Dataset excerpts
^^^^^^^^^^^^^^^^

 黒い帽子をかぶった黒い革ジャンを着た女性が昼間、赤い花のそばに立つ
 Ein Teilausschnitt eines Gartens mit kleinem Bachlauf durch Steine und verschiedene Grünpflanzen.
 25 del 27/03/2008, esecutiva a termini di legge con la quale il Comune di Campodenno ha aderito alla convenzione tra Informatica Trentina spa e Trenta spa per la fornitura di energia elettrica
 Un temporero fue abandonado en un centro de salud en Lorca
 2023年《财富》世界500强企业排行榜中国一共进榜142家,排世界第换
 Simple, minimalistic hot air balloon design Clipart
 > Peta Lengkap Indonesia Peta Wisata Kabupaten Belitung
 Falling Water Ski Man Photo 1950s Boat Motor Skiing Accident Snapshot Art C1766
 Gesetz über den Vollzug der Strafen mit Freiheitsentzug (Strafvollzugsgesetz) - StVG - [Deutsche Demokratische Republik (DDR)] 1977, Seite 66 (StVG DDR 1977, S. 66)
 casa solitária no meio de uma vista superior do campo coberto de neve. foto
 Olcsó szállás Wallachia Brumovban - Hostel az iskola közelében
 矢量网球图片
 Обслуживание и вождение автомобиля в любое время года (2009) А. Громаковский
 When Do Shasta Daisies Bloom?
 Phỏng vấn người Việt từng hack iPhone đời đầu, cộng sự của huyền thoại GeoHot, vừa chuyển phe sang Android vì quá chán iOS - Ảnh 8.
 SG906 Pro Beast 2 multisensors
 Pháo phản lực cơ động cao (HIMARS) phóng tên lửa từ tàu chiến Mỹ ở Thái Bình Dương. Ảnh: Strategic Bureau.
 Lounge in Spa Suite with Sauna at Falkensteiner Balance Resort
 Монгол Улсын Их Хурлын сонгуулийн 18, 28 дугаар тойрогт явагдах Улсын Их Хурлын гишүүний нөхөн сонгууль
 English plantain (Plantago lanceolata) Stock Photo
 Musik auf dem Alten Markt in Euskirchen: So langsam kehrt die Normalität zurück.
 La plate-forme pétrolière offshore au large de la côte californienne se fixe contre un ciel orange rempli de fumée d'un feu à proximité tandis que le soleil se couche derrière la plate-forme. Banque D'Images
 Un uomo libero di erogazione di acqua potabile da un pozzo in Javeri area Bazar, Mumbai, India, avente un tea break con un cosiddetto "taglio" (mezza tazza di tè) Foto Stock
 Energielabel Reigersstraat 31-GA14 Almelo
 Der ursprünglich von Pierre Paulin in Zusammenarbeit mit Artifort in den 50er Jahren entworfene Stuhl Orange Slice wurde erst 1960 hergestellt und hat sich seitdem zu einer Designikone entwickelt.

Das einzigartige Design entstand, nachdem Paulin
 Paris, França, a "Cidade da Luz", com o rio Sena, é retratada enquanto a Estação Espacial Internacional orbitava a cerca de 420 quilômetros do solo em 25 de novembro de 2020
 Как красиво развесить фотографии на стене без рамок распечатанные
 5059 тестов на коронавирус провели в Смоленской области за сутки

^^^^^^^^^^^^^^^^

• TASK
What is needed is an exact copy of all the data above.

• RESULT
 黒い帽子をかぶった黒い革ジャンを着た女性が昼間、赤い花のそばに立つ
 Ein Teilausschnitt eines Gartens mit kleinem Bachlauf durch Steine und verschiedene Grünpflanzen.
 25 del 27/03/2008, esecutiva a termini di legge con la quale il Comune di Campodenno ha aderito alla convenzione tra Informatica Trentina spa e Trenta spa per la fornitura di energia elettrica
 Un temporero fue abandonado en un centro de salud en Lorca
 2023年《财富》世界500强企业排行榜中国一共进榜142家,排世界第换
 Simple, minimalistic hot air balloon design Clipart
 > Peta Lengkap Indonesia Peta Wisata Kabupaten Belitung
 Falling Water Ski Man Photo 1950s Boat Motor Skiing Accident Snapshot Art C1766
 Gesetz über den Vollzug der Strafen mit Freiheitsentzug (Strafvollzugsgesetz) - StVG - [Deutsche Demokratische Republik (DDR)] 1977, Seite 66 (StVG DDR 1977, S. 66)
 casa solitária no meio de uma vista superior do campo coberto de neve. foto
 Olcsó szállás Wallachia Brumovban - Hostel az iskola közelében
 矢量网球图片
 Обслуживание и вождение автомобиля в любое время года (2009) А. Громаковский
 When Do Shasta Daisies Bloom?
 Phỏng vấn người Việt từng hack iPhone đời đầu, cộng sự của huyền thoại GeoHot, vừa chuyển phe sang Android vì quá chán iOS - Ảnh 8.
 SG906 Pro Beast 2 multisensors
 Pháo phản lực cơ động cao (HIMARS) phóng tên lửa từ tàu chiến Mỹ ở Thái Bình Dương. Ảnh: Strategic Bureau.
 Lounge in Spa Suite with Sauna at Falkensteiner Balance Resort
 Монгол Улсын Их Хурлын сонгуулийн 18, 28 дугаар тойрогт явагдах Улсын Их Хурлын гишүүний нөхөн сонгууль
 English plantain (Plantago lanceolata) Stock Photo
 Musik auf dem Alten Markt in Euskirchen: So langsam kehrt die Normalität zurück.
 La plate-forme pétrolière offshore au large de la côte californienne se fixe contre un ciel orange rempli de fumée d'un feu à proximité tandis que le soleil se couche derrière la plate-forme. Banque D'Images
 Un uomo libero di erogazione di acqua potabile da un pozzo in Javeri area Bazar, Mumbai, India, avente un tea break con un cosiddetto "taglio" (mezza tazza di tè) Foto Stock
 Energielabel Reigersstraat 31-GA14 Almelo
 Der ursprünglich von Pierre Paulin in Zusammenarbeit mit Artifort in den 50er Jahren entworfene Stuhl Orange Slice wurde erst 1960 hergestellt und hat sich seitdem zu einer Designikone entwickelt.

Das einzigartige Design entstand, nachdem Paulin
 Paris, França, a "Cidade da Luz", com o rio Sena, é retratada enquanto a Estação Espacial Internacional orbitava a cerca de 420 quilômetros do solo em 25 de novembro de 2020
 Как красиво развесить фотографии на стене без рамок распечатанные
 5059 тестов на коронавирус провели в Смоленской области за сутки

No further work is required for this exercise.